Next we need the differential of the exponential function applied elementwise to a vector $$\eqalign{ u &= \exp(jx) \cr du &= u\odot d(jx) = (ju)\odot dx \cr }$$ Substituting this, we can continue on to find the gradient with respect to $x$ $$\eqalign{ df &= (Bu)^*:(ju\odot dx) + (Bu):(ju\odot dx)^* \cr &= ju\odot(Bu)^*:dx + (ju)^*\odot(Bu):dx \cr &= (VB^*u^* + V^*Bu):dx \cr g=\frac{\partial f}{\partial x} &= VB^*u^* + V^*Bu \cr }$$ where $V={\rm Diag}(ju)$. Being of the form $(y+y^*)$, we see that $g\in{\mathbb R}^K$ as expected.

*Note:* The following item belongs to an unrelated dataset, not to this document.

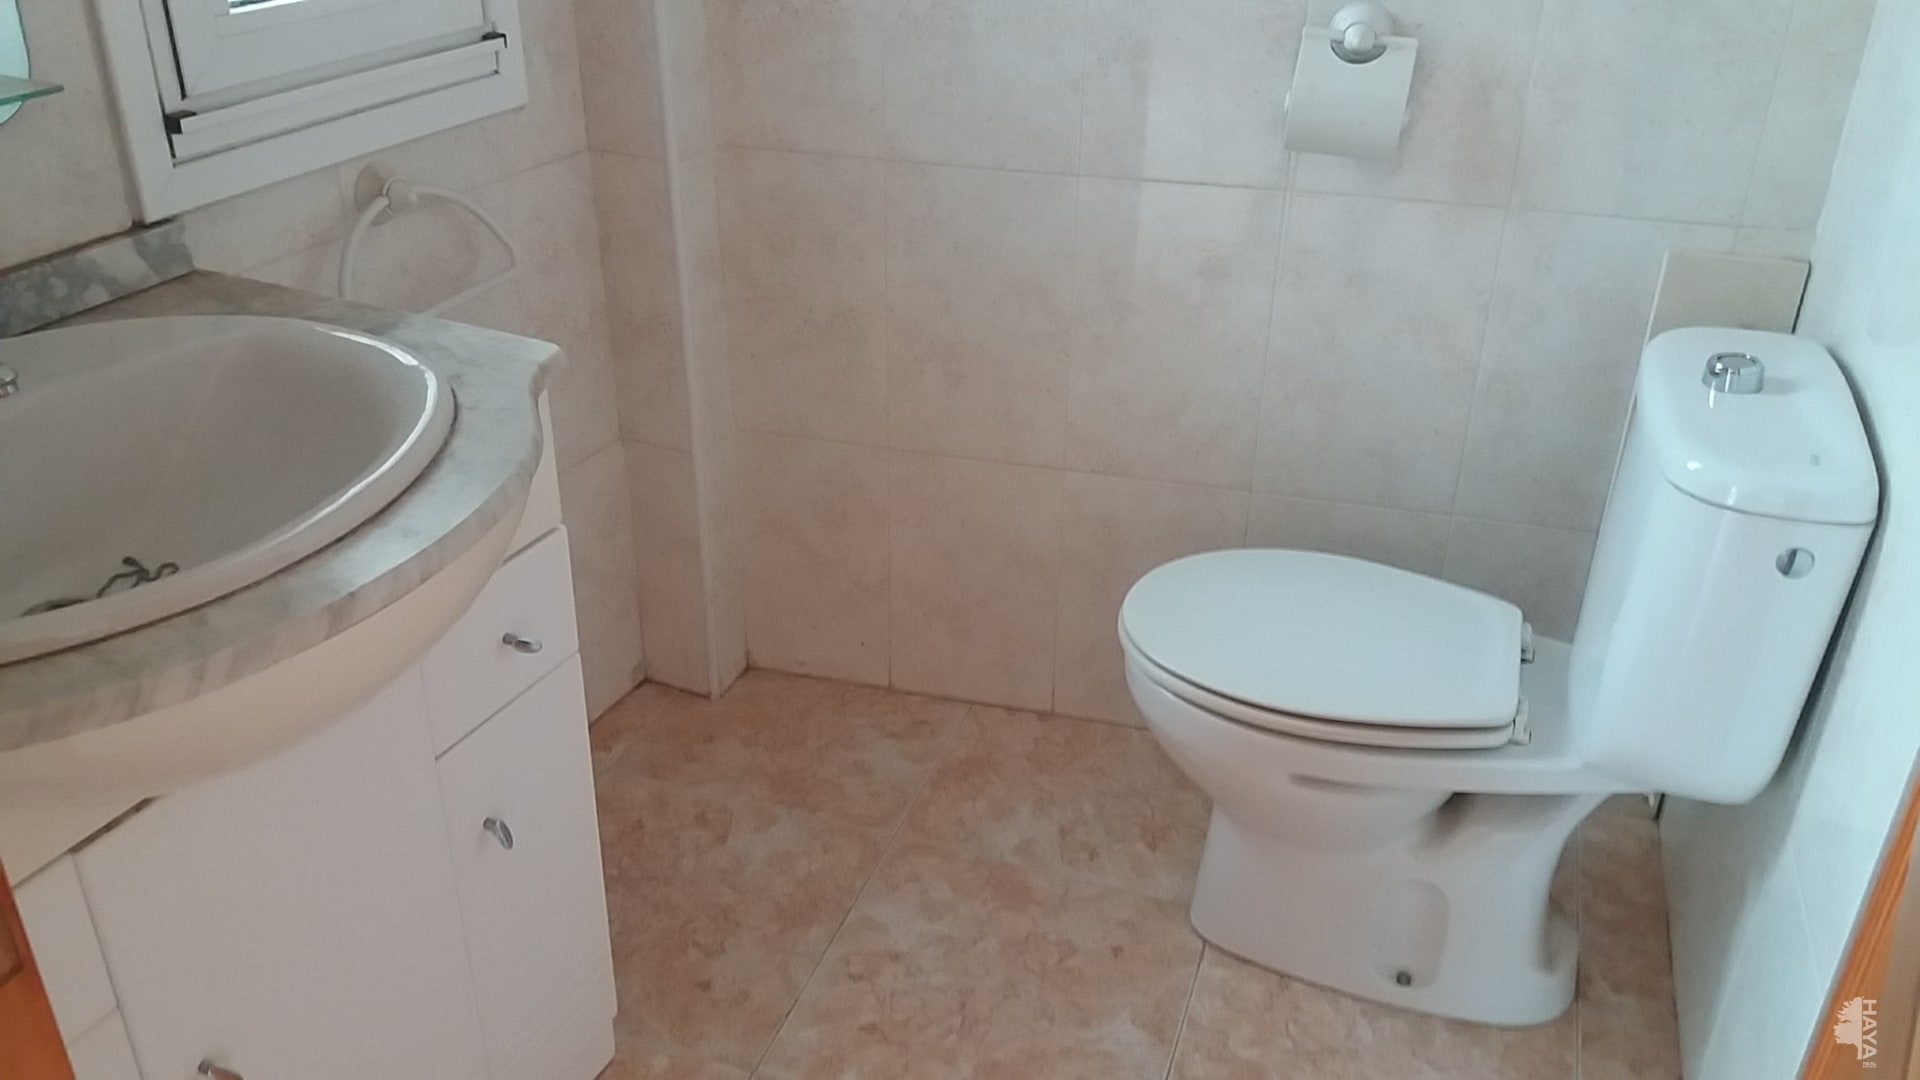 Piso en venta en Piso en Santa Lucía de Tirajana, Las Palmas, 115.881 €, 3 habitaciones, 2 baños, 98 m2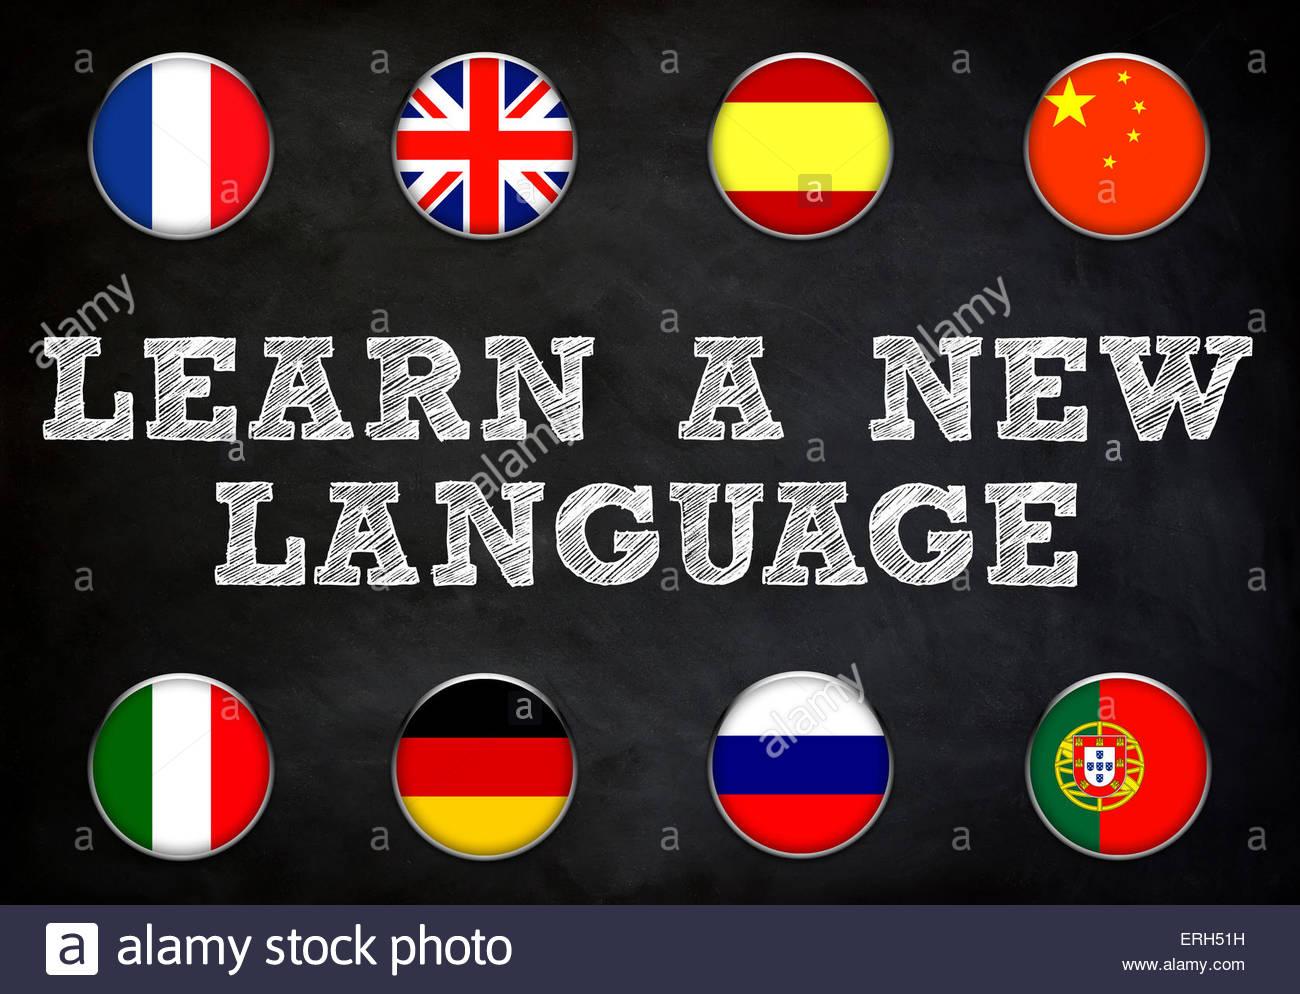 Apprendre une nouvelle langue - tableau noir illustration Photo Stock

At this point, you should pause and consider using Conjugate Gradients, or Barzilai-Borwein, or some other method that does not require the Hessian, since that is going to be complicated.
Also, instead of insisting on a matrix product involving $V={\rm Diag}(ju)$, you should just write code for a Hadamard product with the underlying vector.
Let $$\eqalign{ W &= {\rm Diag}(jBu) \cr L &= (V^*B+W^*)V \cr }$$ then the Hessian is $$H=\frac{\partial^2f}{\partial x\partial x^T}=L+L^*$$